How to complete this task
Give the listing again word for word. Leave every image out.
Recorded data: Begin
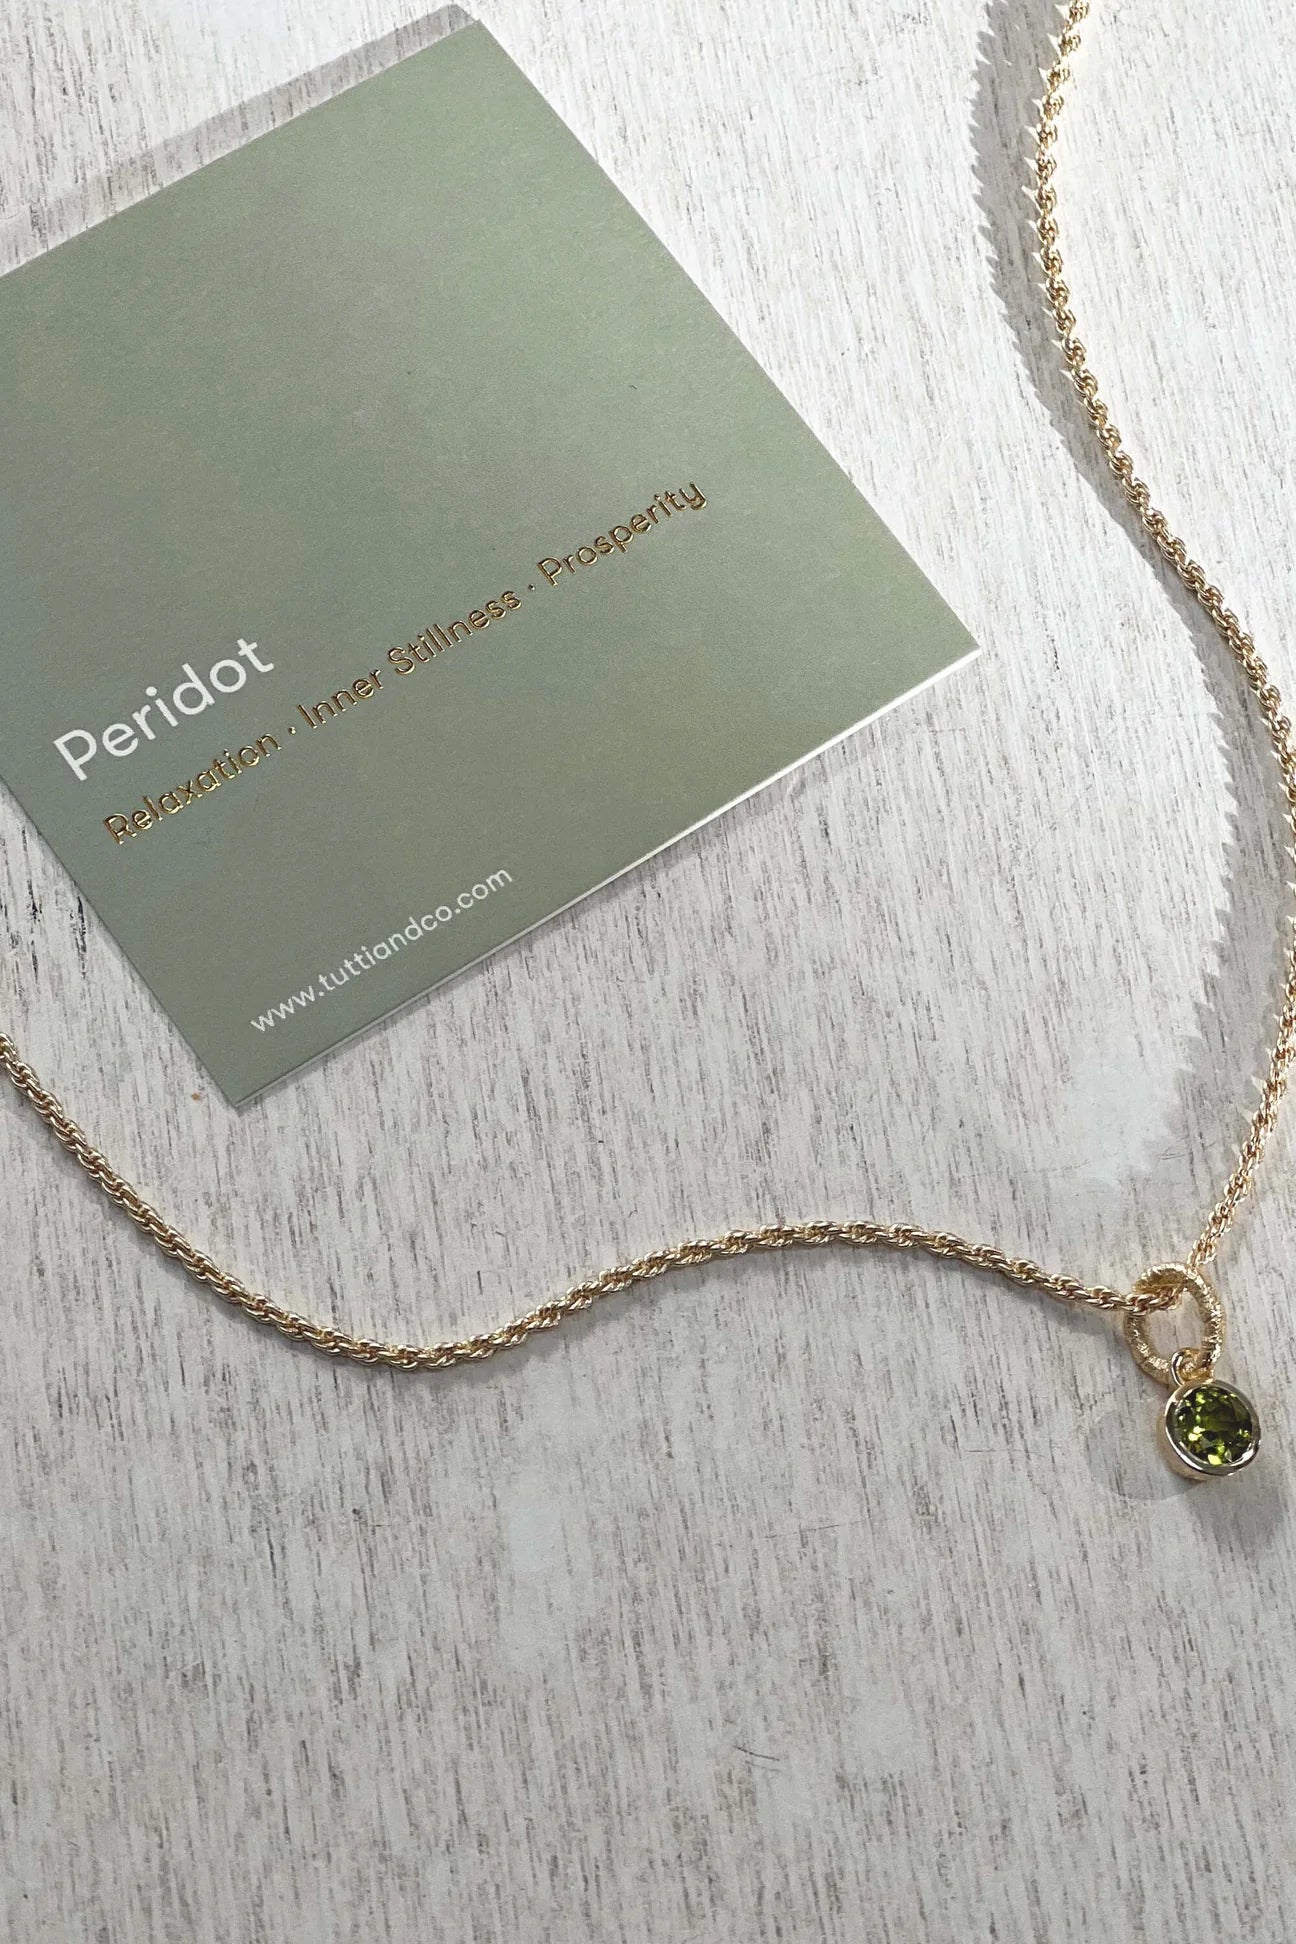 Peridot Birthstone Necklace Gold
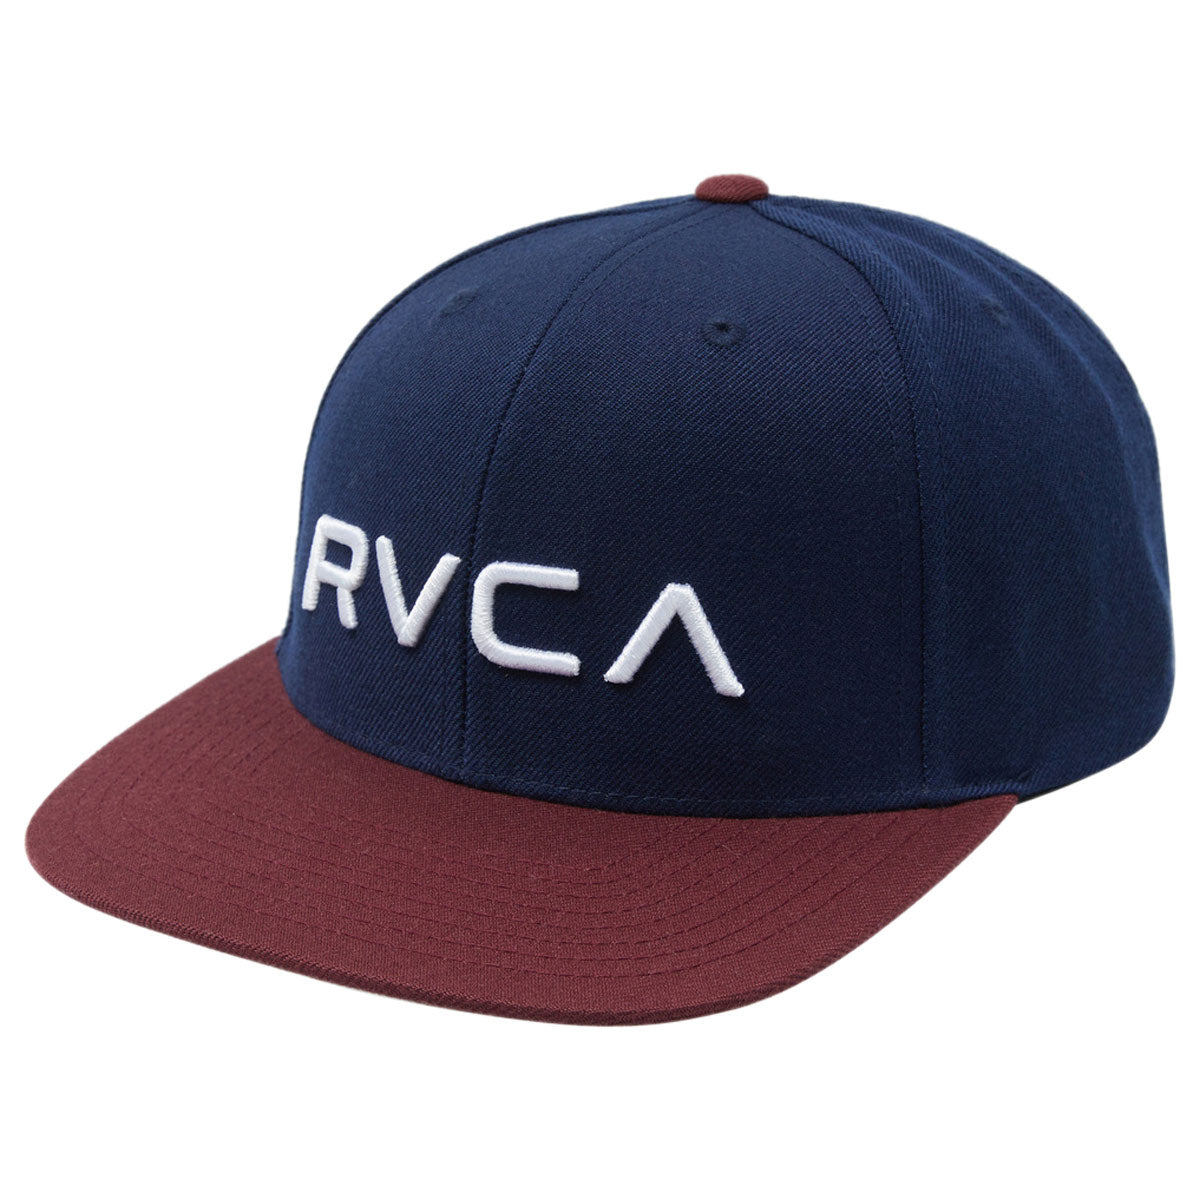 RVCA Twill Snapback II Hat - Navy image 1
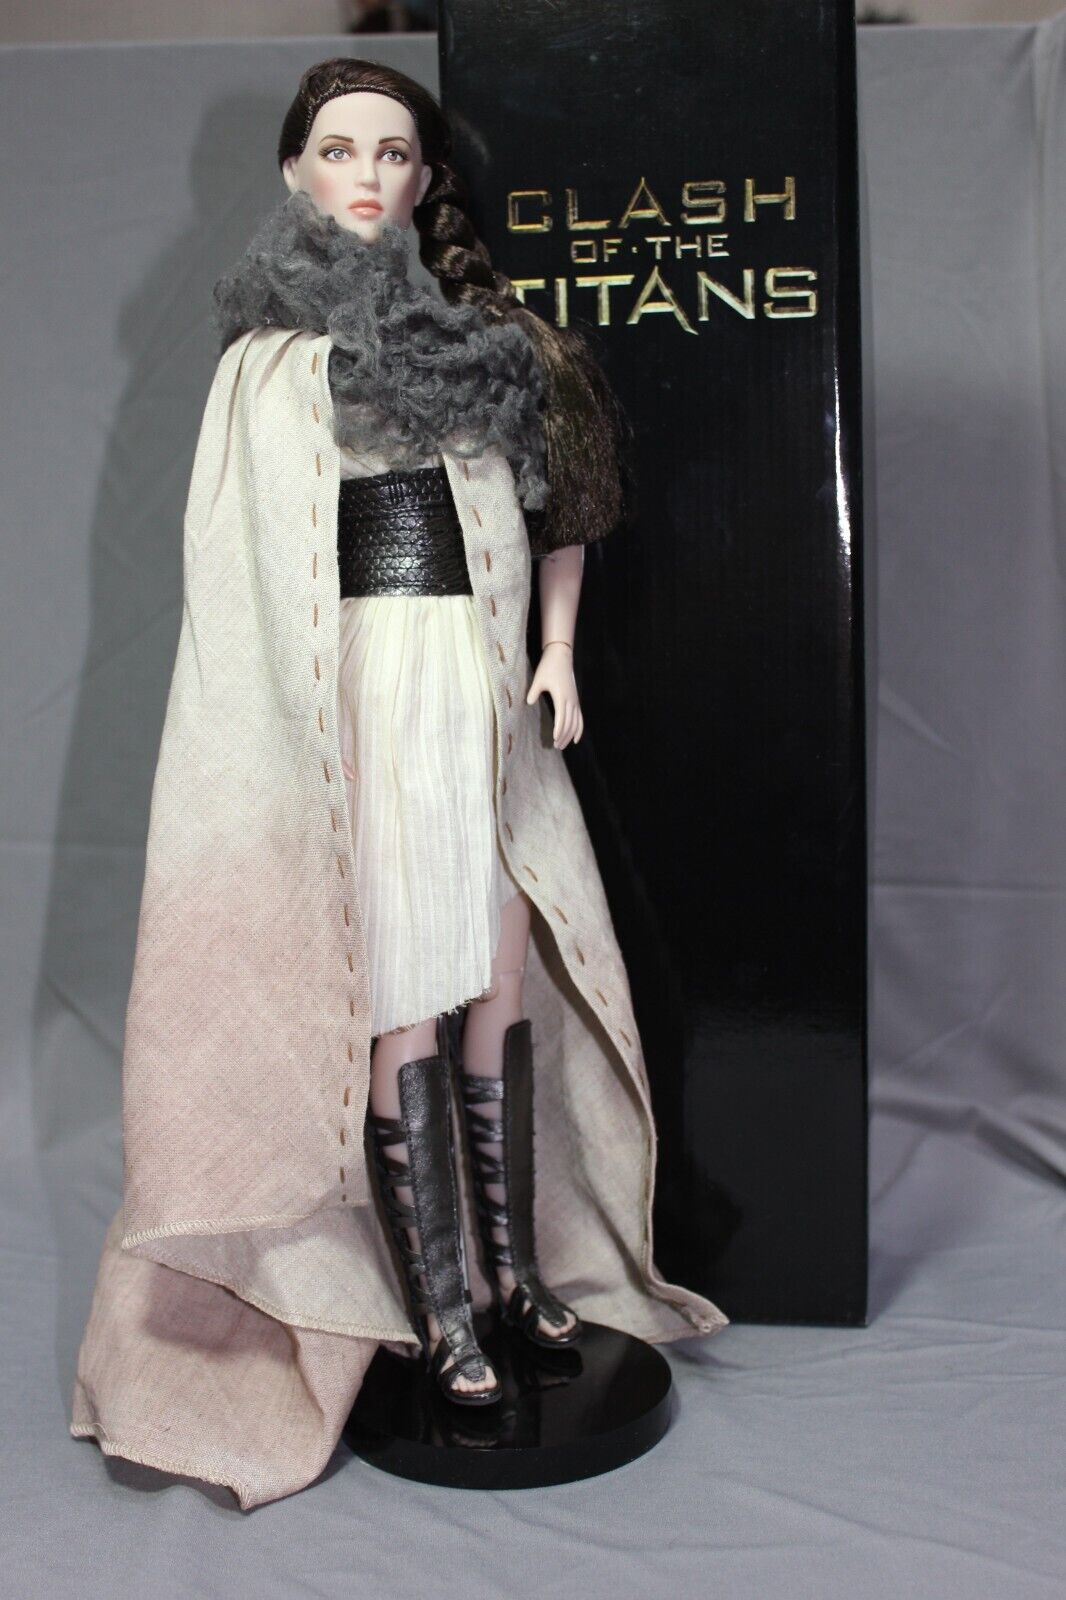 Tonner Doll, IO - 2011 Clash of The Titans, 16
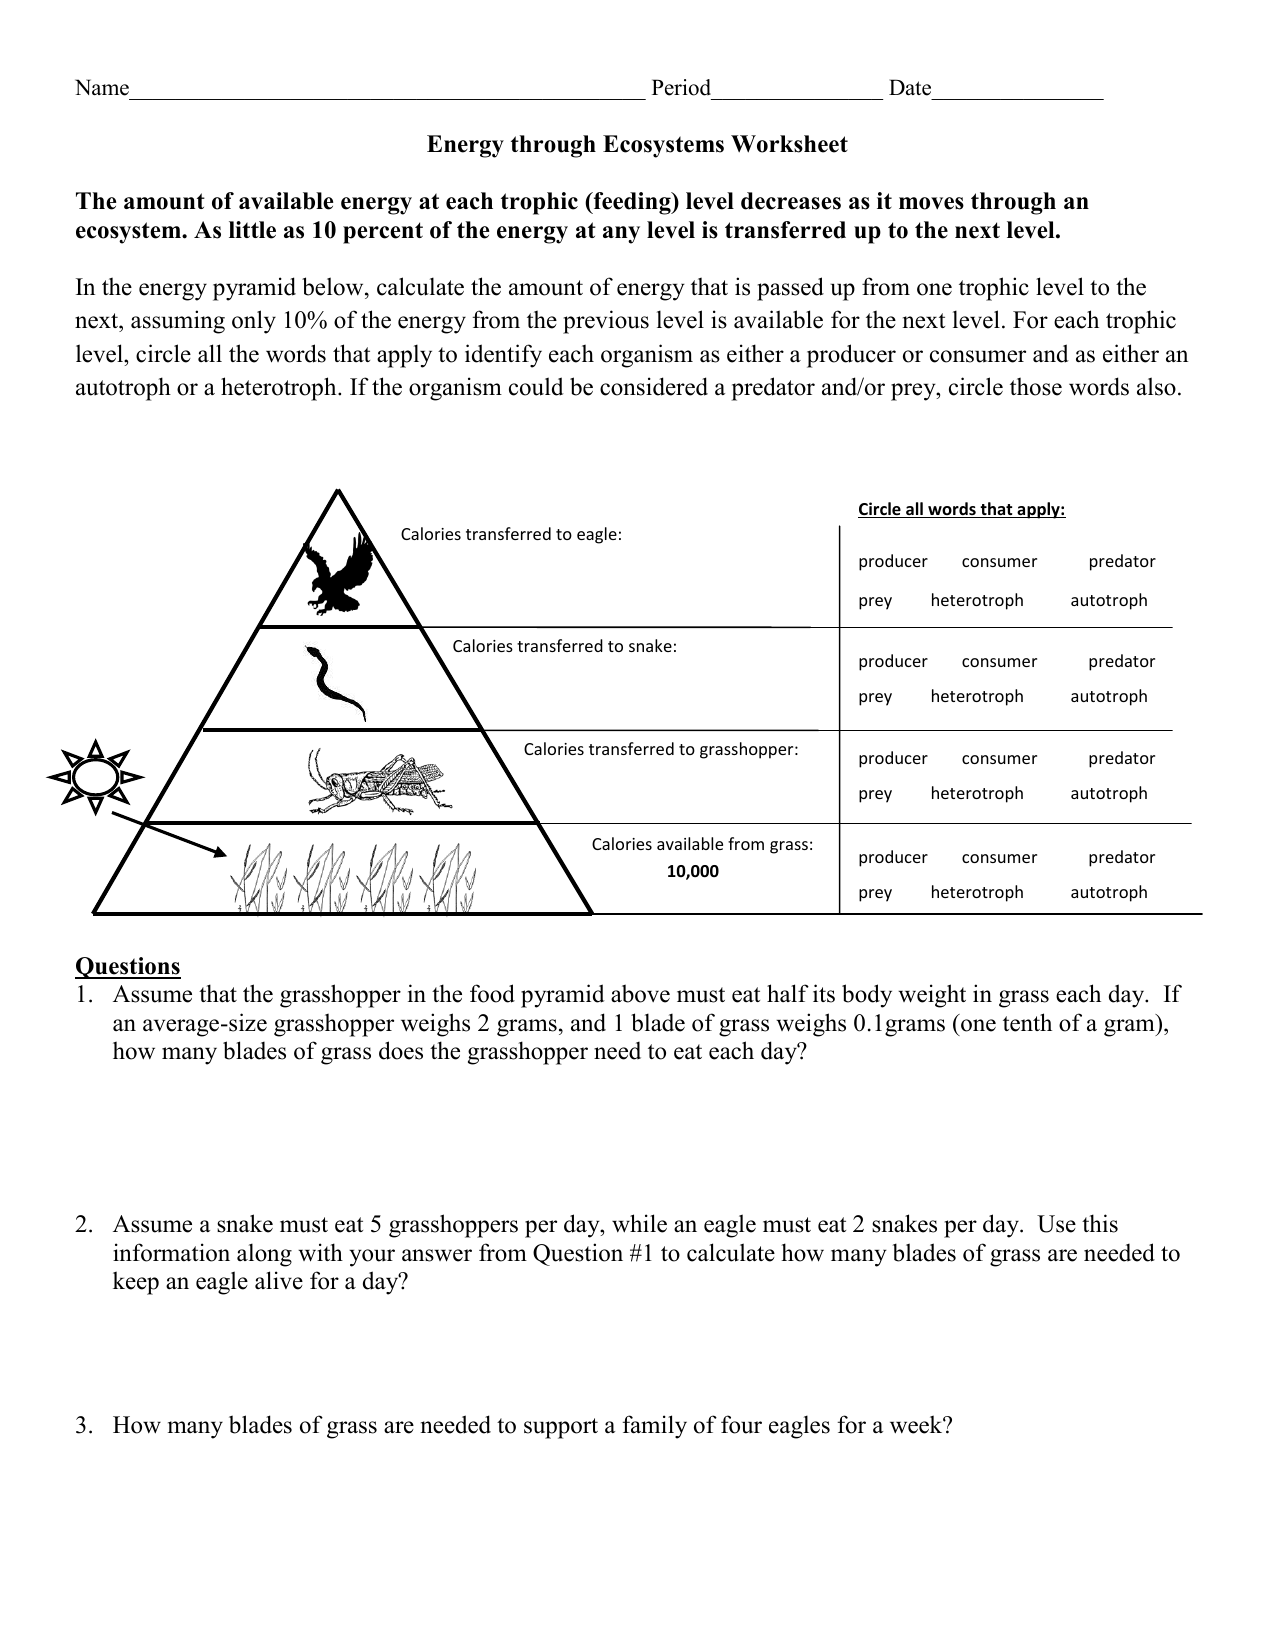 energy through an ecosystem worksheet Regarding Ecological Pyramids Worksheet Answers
Recorded data: End
Output for this task
 Peridot Birthstone Necklace Gold
 RVCA Twill Snapback II Hat - Navy image 1
 Tonner Doll, IO - 2011 Clash of The Titans, 16
 energy through an ecosystem worksheet Regarding Ecological Pyramids Worksheet Answers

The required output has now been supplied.